А Майошка вздумал принимать на свою шею некоторые из долгов нашего длинноносого князя. Так, право, хоть я и не транжир, а охотно забыл бы об этих деньгах, лишь бы Майошка не проказил, приводя у меня весь мой мобилье в содом и гомор.
- Ха-ха-ха, - хохотал Юрьев, - узнаю его: у него преглупая страсть, за которую уж мы с ним не раз спорили дружески, страсть приводить в беспорядок все то, что носит отпечаток, как у тебя, дружище, твой мобилье, щепетильности и педантичности.
- Да уж это куда ни шло, - продолжал сетовать Синицын, - а скверно то, что он засыпал пеплом, да еще горячим, от своих маисовых сигарет, корни только что пересаженного в горшок рододендрона, и вот это прелестное растение погибло.
- О, - воскликнул быстрый в своих движениях Юрьев, - этому горю твоему, Синицын, я помогу: в нессельродовских оранжереях учится садоводству один из бабушкиных парнишек, сестра которого моя преданная подруга. Вот тебе мое честное слово: у тебя на днях будет рододендрон на славу. А так вы служите в военном министерстве, - продолжал он, обращаясь во мне, - и может быть, знаете Акинфея Петровича Суковкина?
- Как не знать, - отвечал я, - это один из лучших моих сослуживцев. Он премилый и прелюбезный человек. - И преприятный собеседник, - продолжал Юрьев; - он бывает иногда у бабушки Арсеньевой и всегда рассказывает что-нибудь забавное.
Так на днях, он рассказывал, что к ним в министерство поступил какой-то угловатый семинарист и облекся во всю форму. Но как ему ни толковали во всех тонкостях о том, как следует поступать, нося шляпу адъютантской формы, которая никогда не поворачивается, при отдавании чести царской Фамилии или высшему начальству, - семинарист, при первой встрече с Императором, забыл все наставления, данные ему адъютантом военного министра и, видя, что все поворачивают шляпы по форме, повернул свою, и его кокарда очутилась сзади на затылке, а широкая сторона шляпы была спереди.
К счастью, Государь был в хорошем расположении духа, сказав: - А! Чернышевский новобранец!
Этот комический рассказ Акинфия Петровича заставил хохотать всю нашу честную компанию почти до слез; а бабушка еще плакала от умиления, находя, что наш Государь, по истине ангельской доброты, уж точно следовало за эту неловкость бедного семинариста в Сибирь ссылать.
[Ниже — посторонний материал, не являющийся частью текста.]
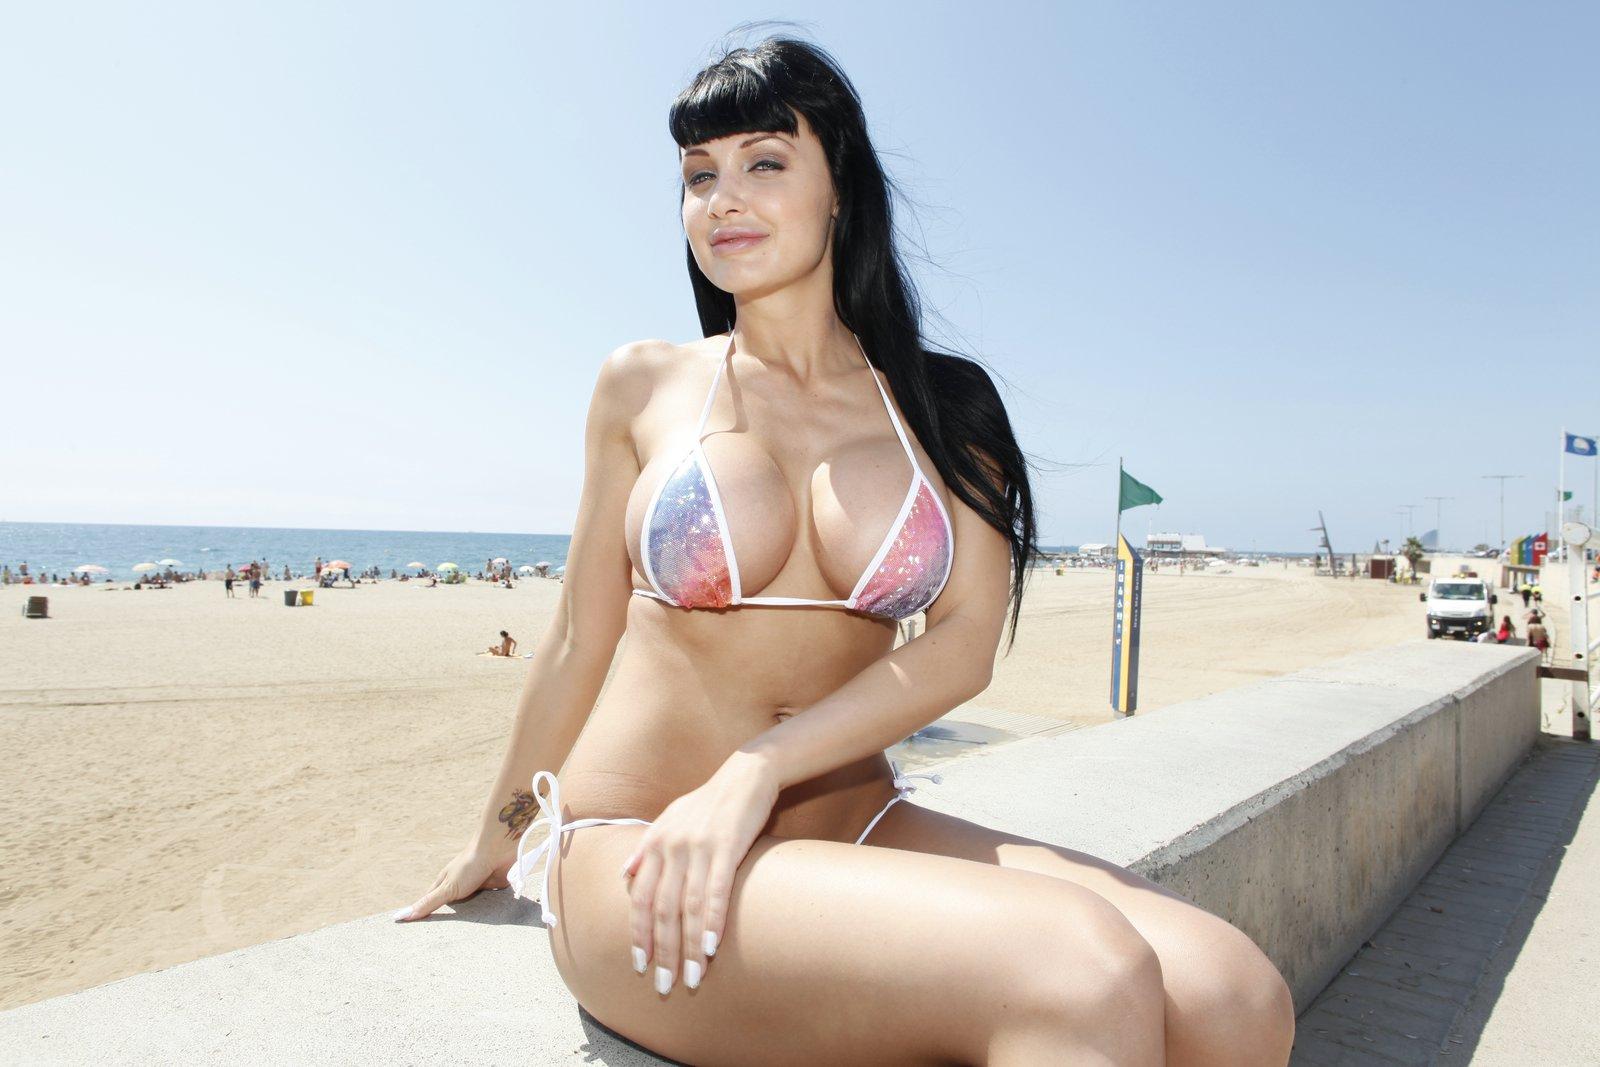 Reserve Bikini girl get fucked think
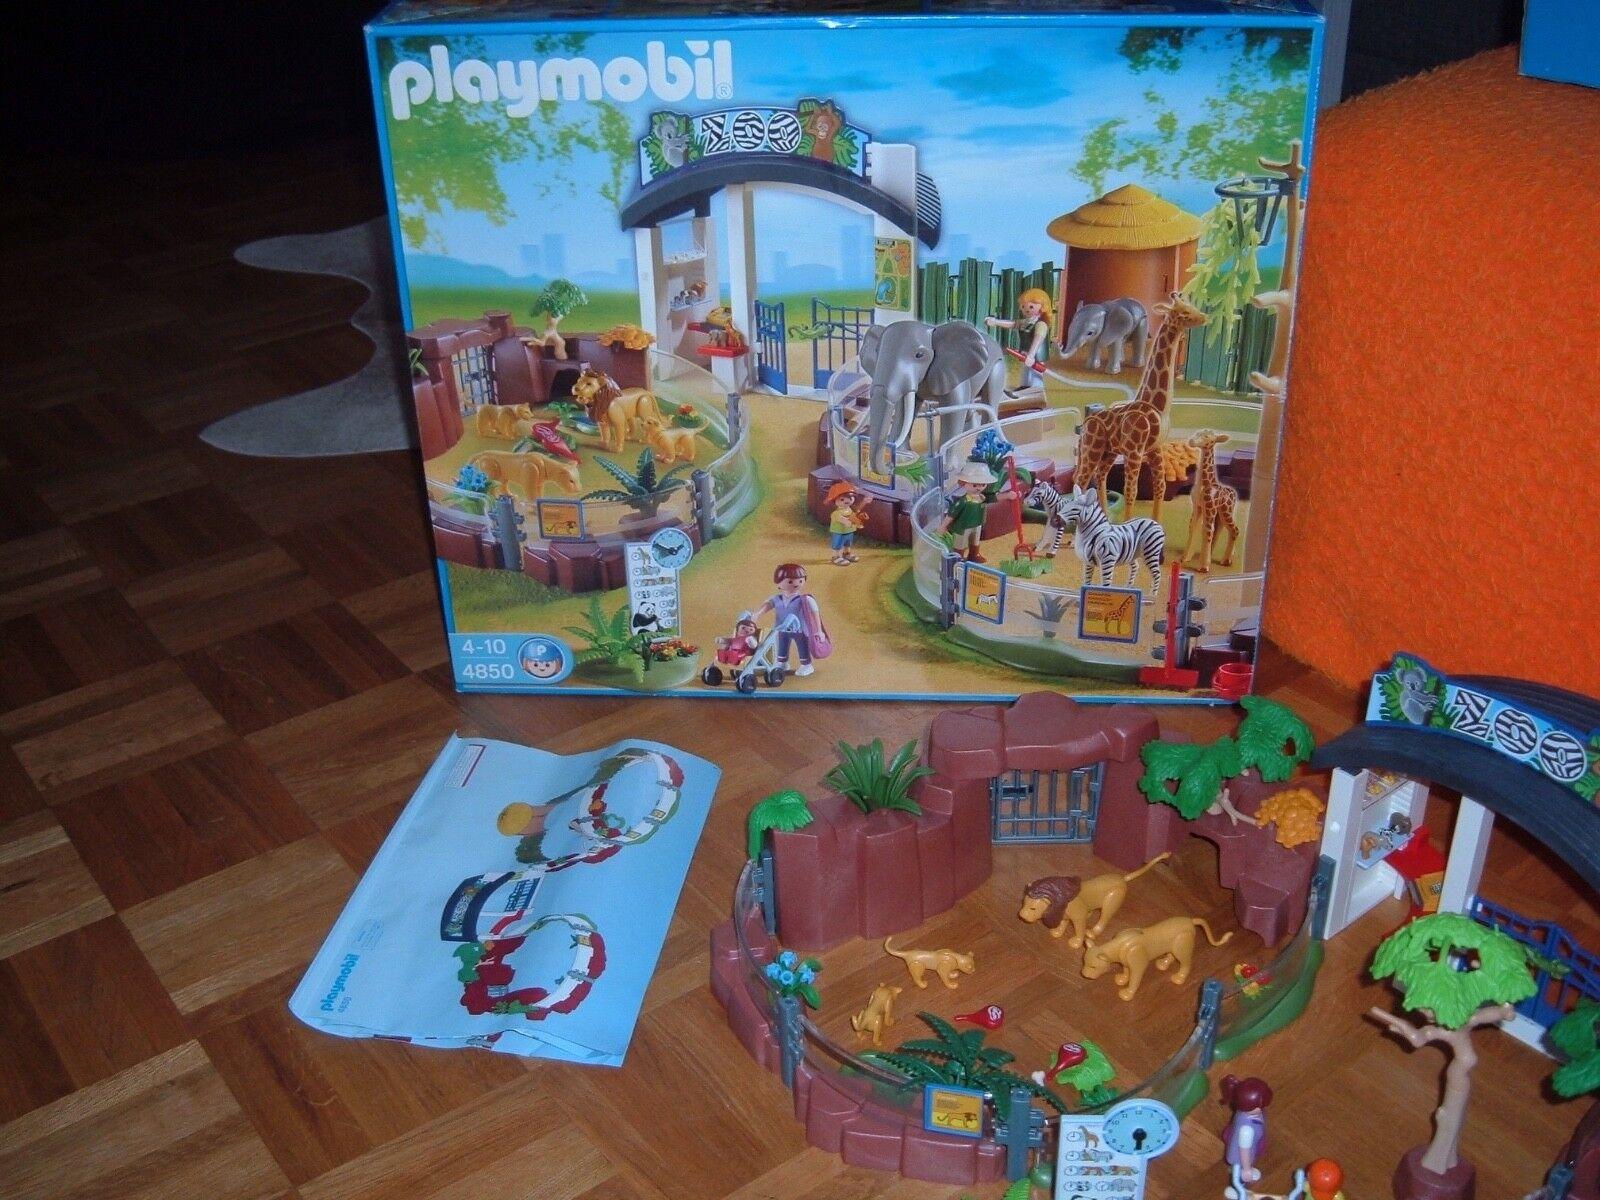 Playmobil 4850 Zoo wie neu in der OVP + Anleitung vollzählig

Синицын, знавший, что происшествие это было не с семинаристом каким-то, а со мною, когда в марте месяце 1836 года, я в первый раз в жизни облачился в военную форму и наткнулся на Невском Проспекте на Императора, ужасно переконфузился, уверяя Юрьева, что все это выдумка Суковкина и что никогда ничего подобного не было.
- Вы, дорогой Афанасий Иванович, - сказал я, - чего доброго думаете, что рассказ этот меня огорчает, тогда, как я сам его при вас повторял не раз, чтобы посмешить общество, у Беклемишевых, у Карлгофа, у Бороздиных, у Масловых, везде, где мы с вами встречаемся. Да и чему тут конфузиться? Ежели вы давно не слыхали этого анекдота о шляпе и о шинели, закинутой мною на манер римской тоги, то только потому, что рассказывать все об одном и том же значит хотеть надоесть своим знакомым, да еще и потому, что эти мои комические рассказы об этом случае с подражаниями Величкину, Дюру и Рязанцеву (актеры того времени) дошли, кажется, до нашего графа Александра Ивановича (Чернышева, тогда еще не бывшего князем) и не совсем ему понравились, о чем я узнал конфиденциально от нашего вице-директора, добрейшего Николая Александровича Бутурлина.
И рассказ сослуживца моего Акинфия Петровича все передан как нельзя вернее, кроме только того, что, ради красоты слога, ему вздумалось замаскировать меня семинаристом, каким, как вам известно, я никогда не бывал.